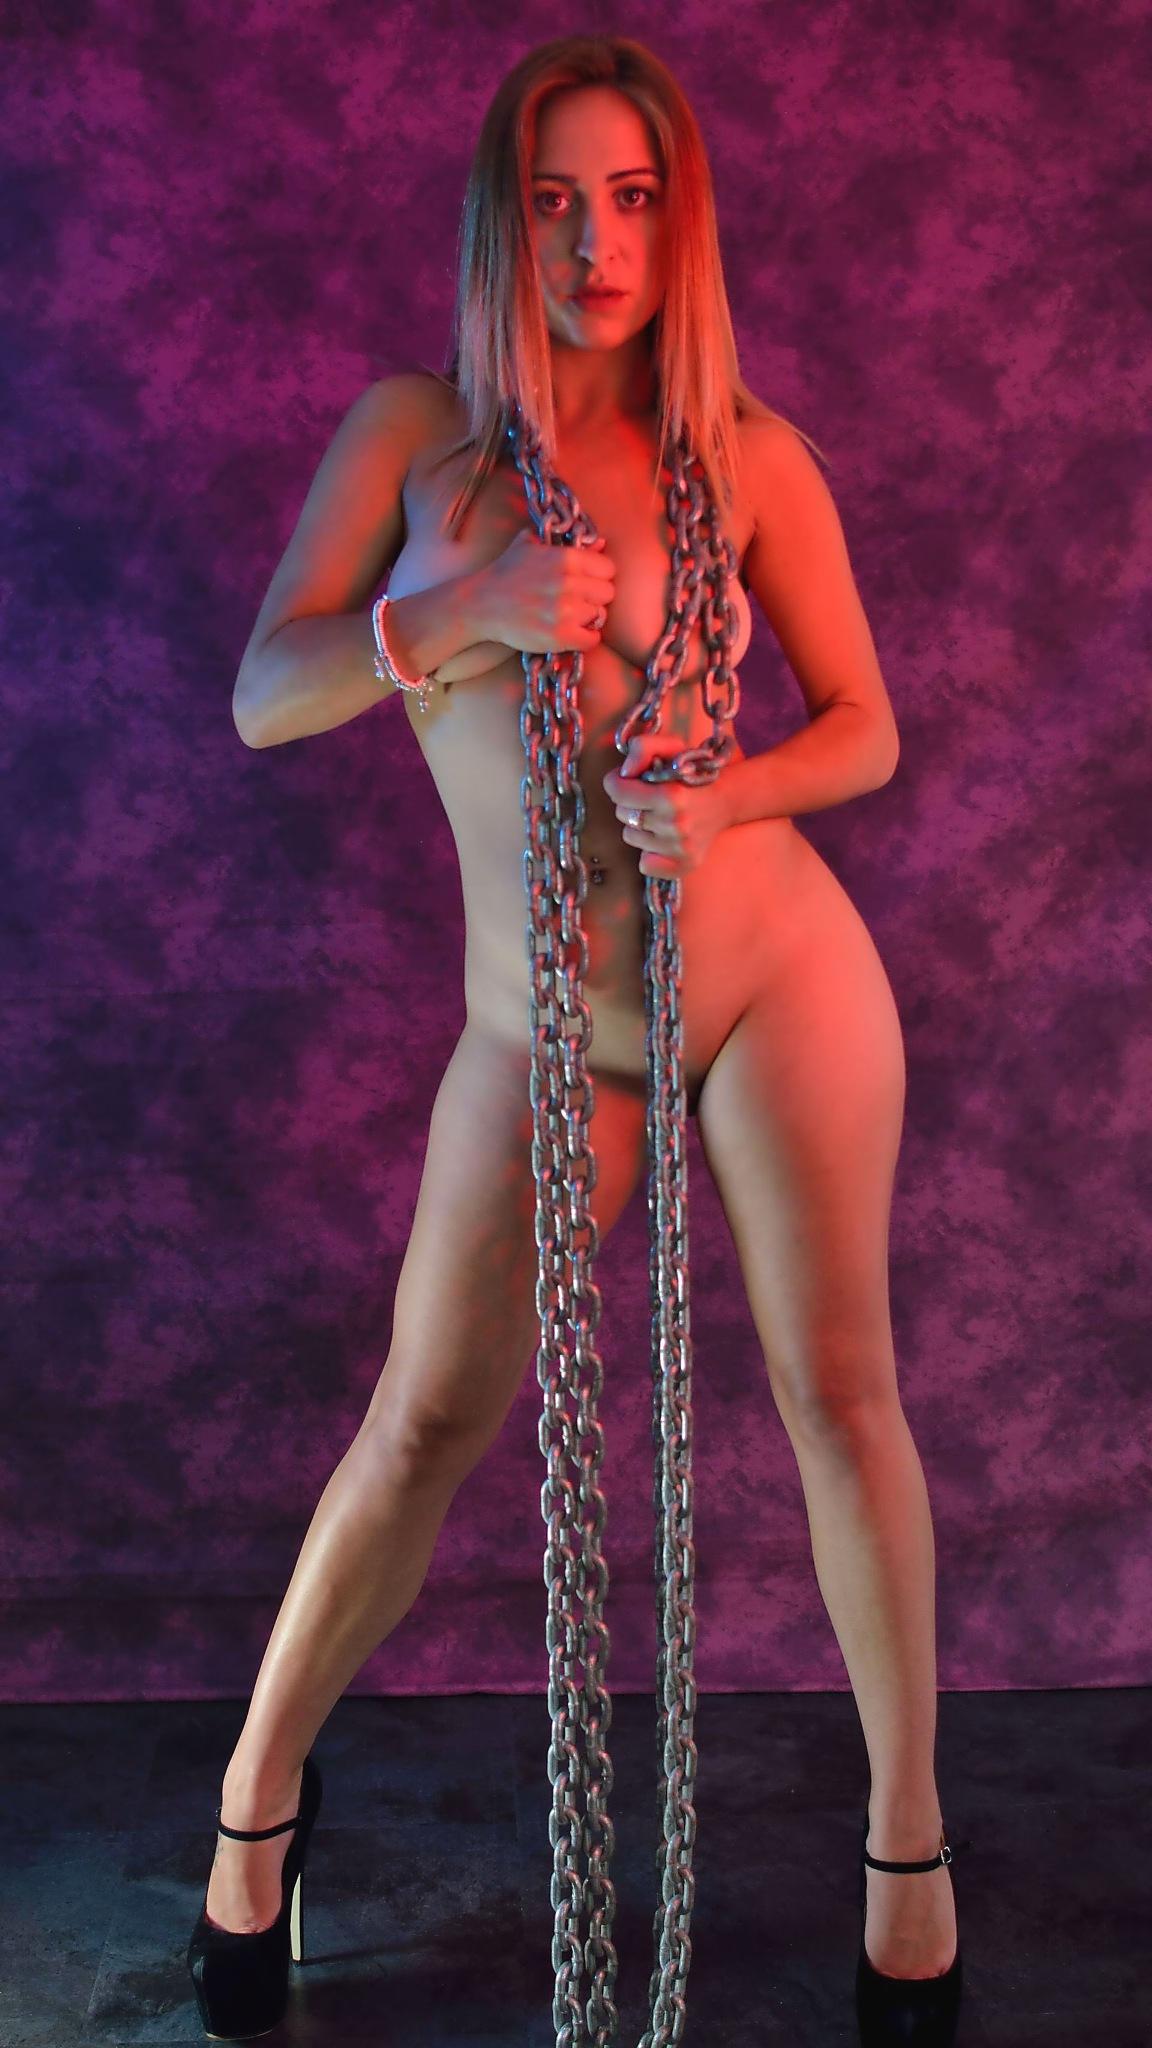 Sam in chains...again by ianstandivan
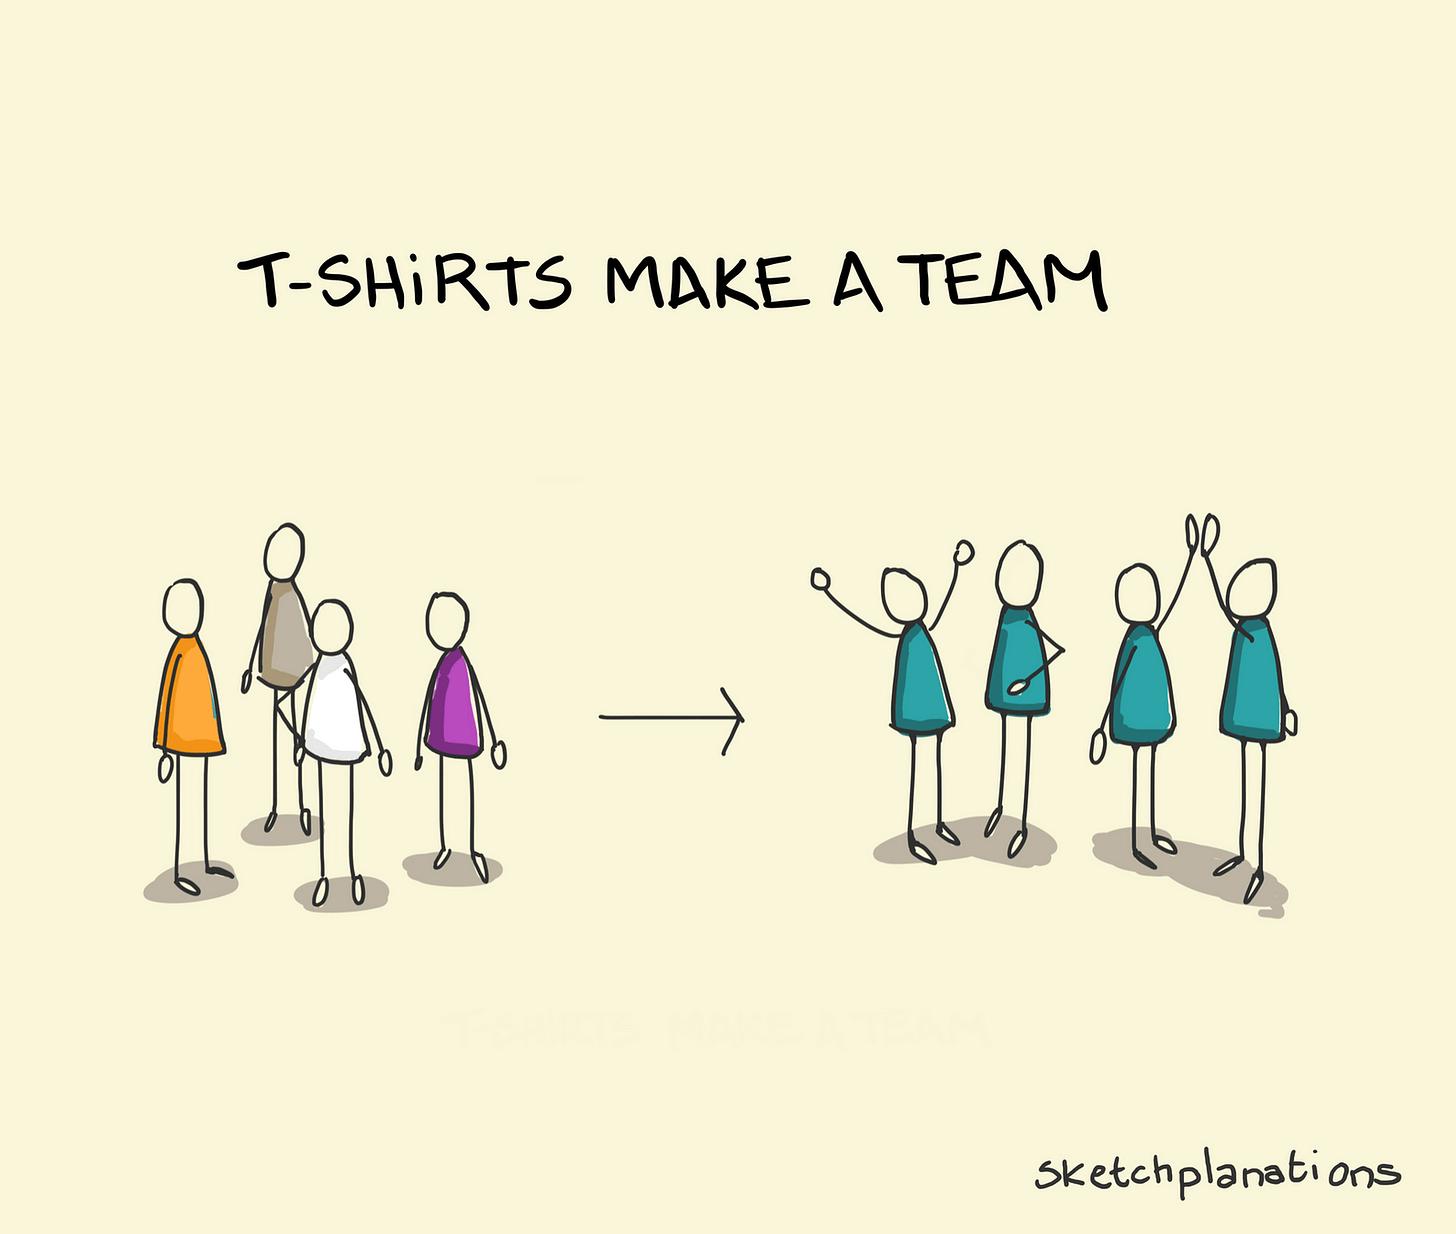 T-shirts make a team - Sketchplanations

============

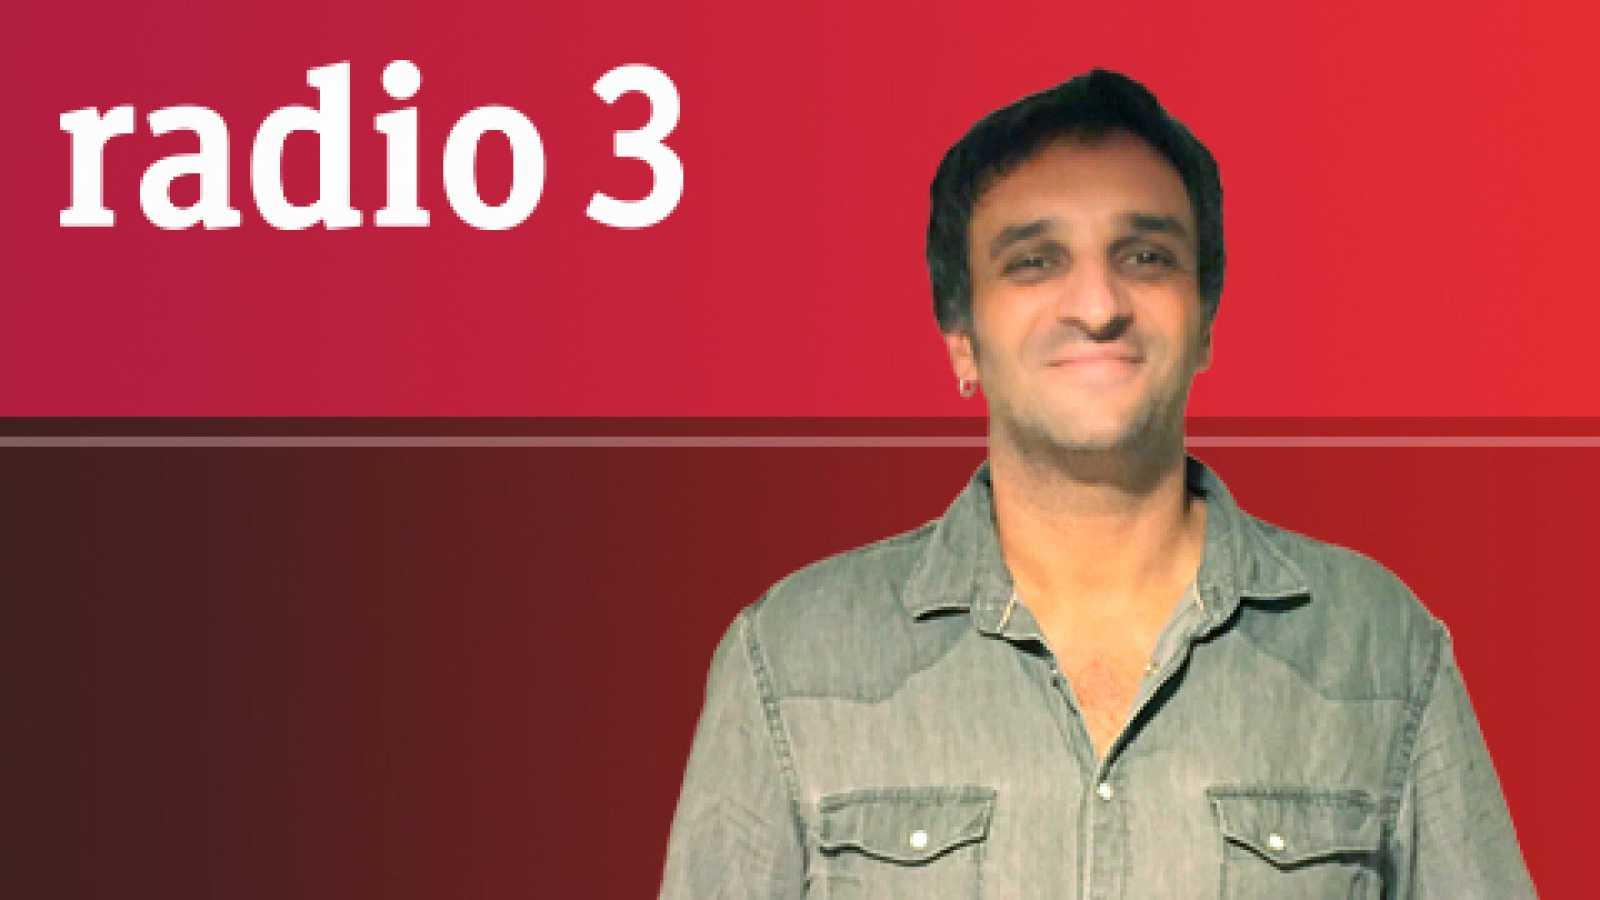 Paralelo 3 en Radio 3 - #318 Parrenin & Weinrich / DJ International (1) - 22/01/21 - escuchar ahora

============

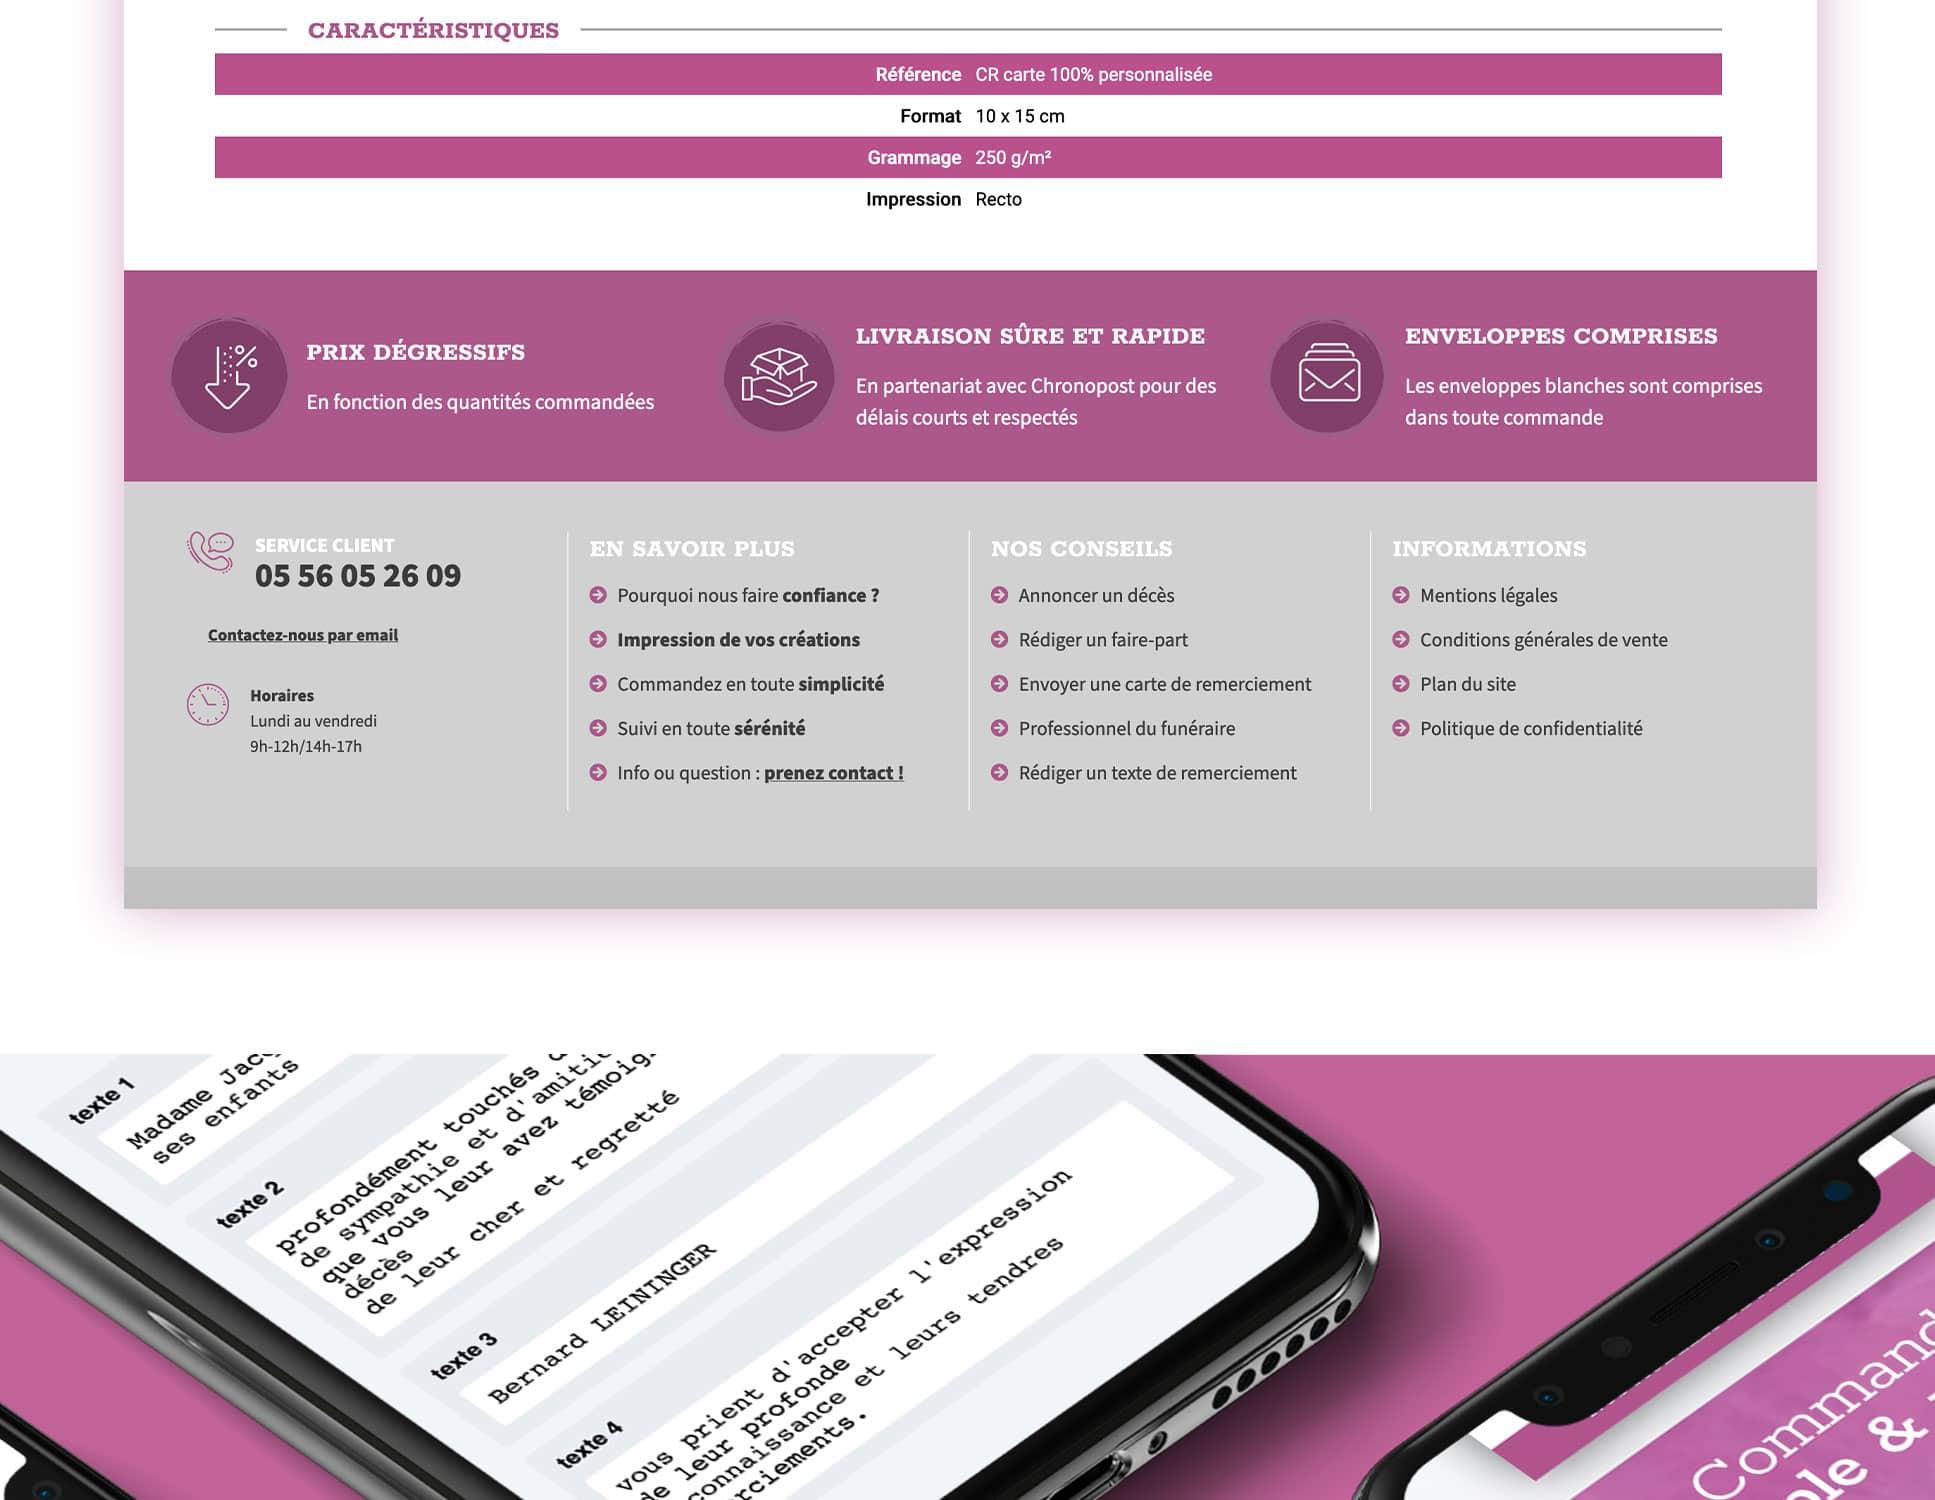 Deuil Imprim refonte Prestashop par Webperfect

============

### Task requirements
Out of the records above, return only the lines from the one with "Sam in chains...again by ianstandivan" through the one with "T-shirts make a team - Sketchplanations", exactly, and none of the pictures.

### Exercise solution
 Sam in chains...again by ianstandivan
 T-shirts make a team - Sketchplanations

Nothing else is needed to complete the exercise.